Unfortunately, Statistics New Zealand seems still to be relying, in effect, on trust (in much the same way the Reserve Bank was doing). But the headline statistics that they hold lock-ups for are highly market-sensitive, and will not infrequently move markets more than an OCR announcement will (as one would expect; it is the same data the Reserve Bank uses). There is no sign of, say, any jamming technology (or other technical means) being used, to buttress the role of trust.
Statistics New Zealand notes that
While Statistics NZ has never had a breach, if that trust is abused and an embargo is broken, offenders and their organisation would be barred from attending future media conferences.
Unfortunately, that was probably the sort of discipline/incentive the Reserve Bank was implicitly relying on as well.
As I’ve argued previously, the case for pre-release lock-ups for monetary policy announcements is weak (with the possible exception of a highly secure 10 minute lock-up for core financial journalists, with no additional briefings – something like the model the US Federal Reserve apparently uses).
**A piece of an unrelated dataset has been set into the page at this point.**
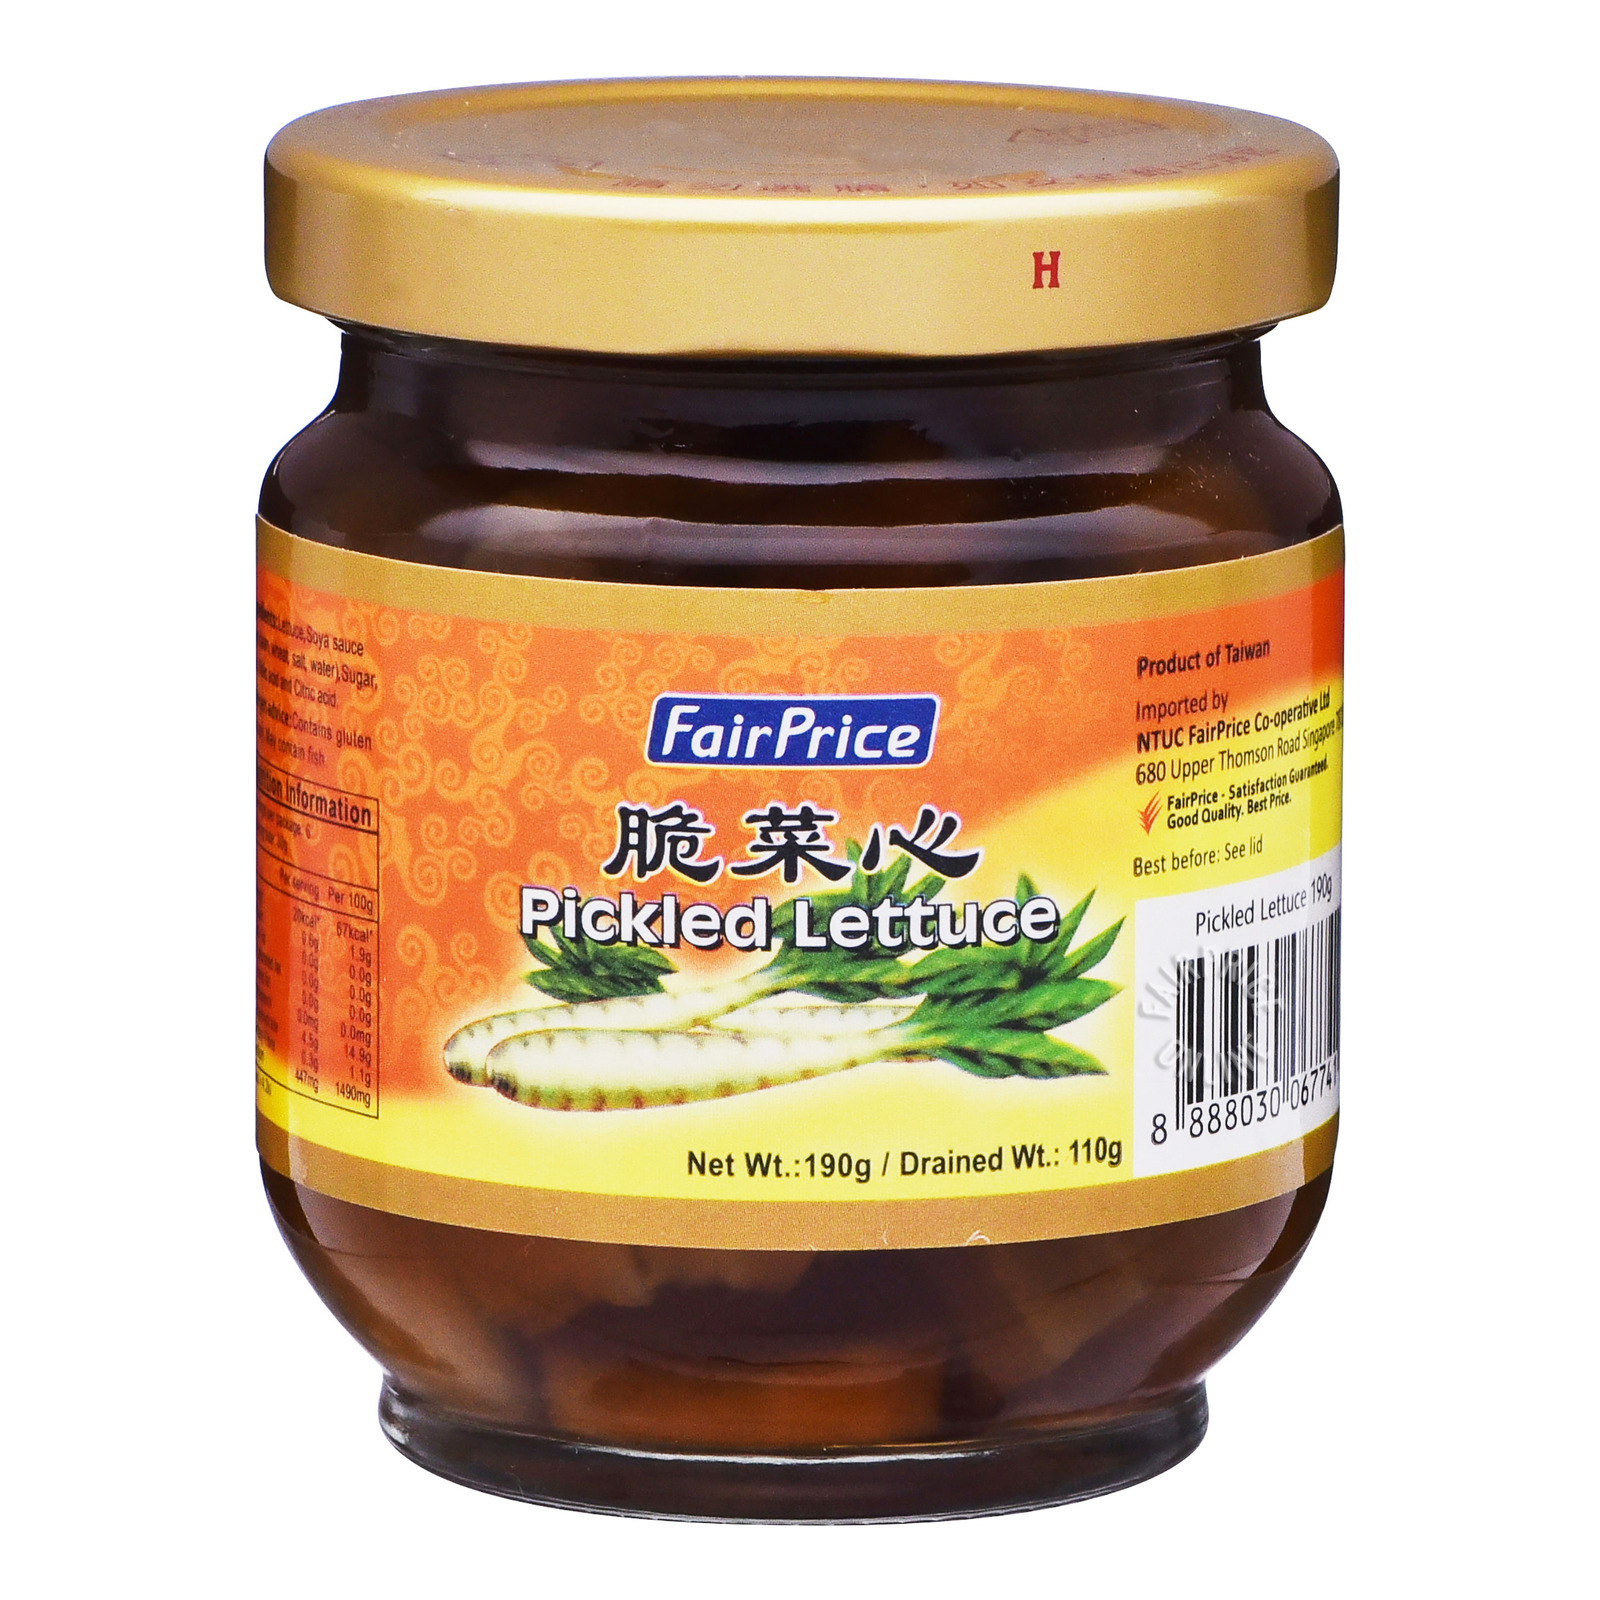 FairPrice Pickled Lettuce

Is Statistics New Zealand that different? There is, obviously, no policy message SNZ is trying to put across with its releases, and so no risks of different messages getting to different people. But the security risks are the same. Perhaps it is simply more efficient to have everyone in the same room, to clarify key technical points, but couldn’t the same end be achieved – on a more competitively neutral basis (to analysts based abroad, say) – by a dial-in (even webcast) conference call held a bit later on the day of the release?
Anyway, the point of this post was to praise Statistics New Zealand for its timely (“as soon as reasonably practicable”) response to an OIA request. Quite what approach Statistics New Zealand should take in future is a matter for them, but I would encourage them to think again about the risks, and about alternative – perhaps preferable – models for helping to ensure that users can get whatever technical insight SNZ can offer into the numbers it releases. Breaches may never have happened, but when one does happen – and (by accident or intent) with current systems it must be a matter of time – it can suddenly get extremely uncomfortable.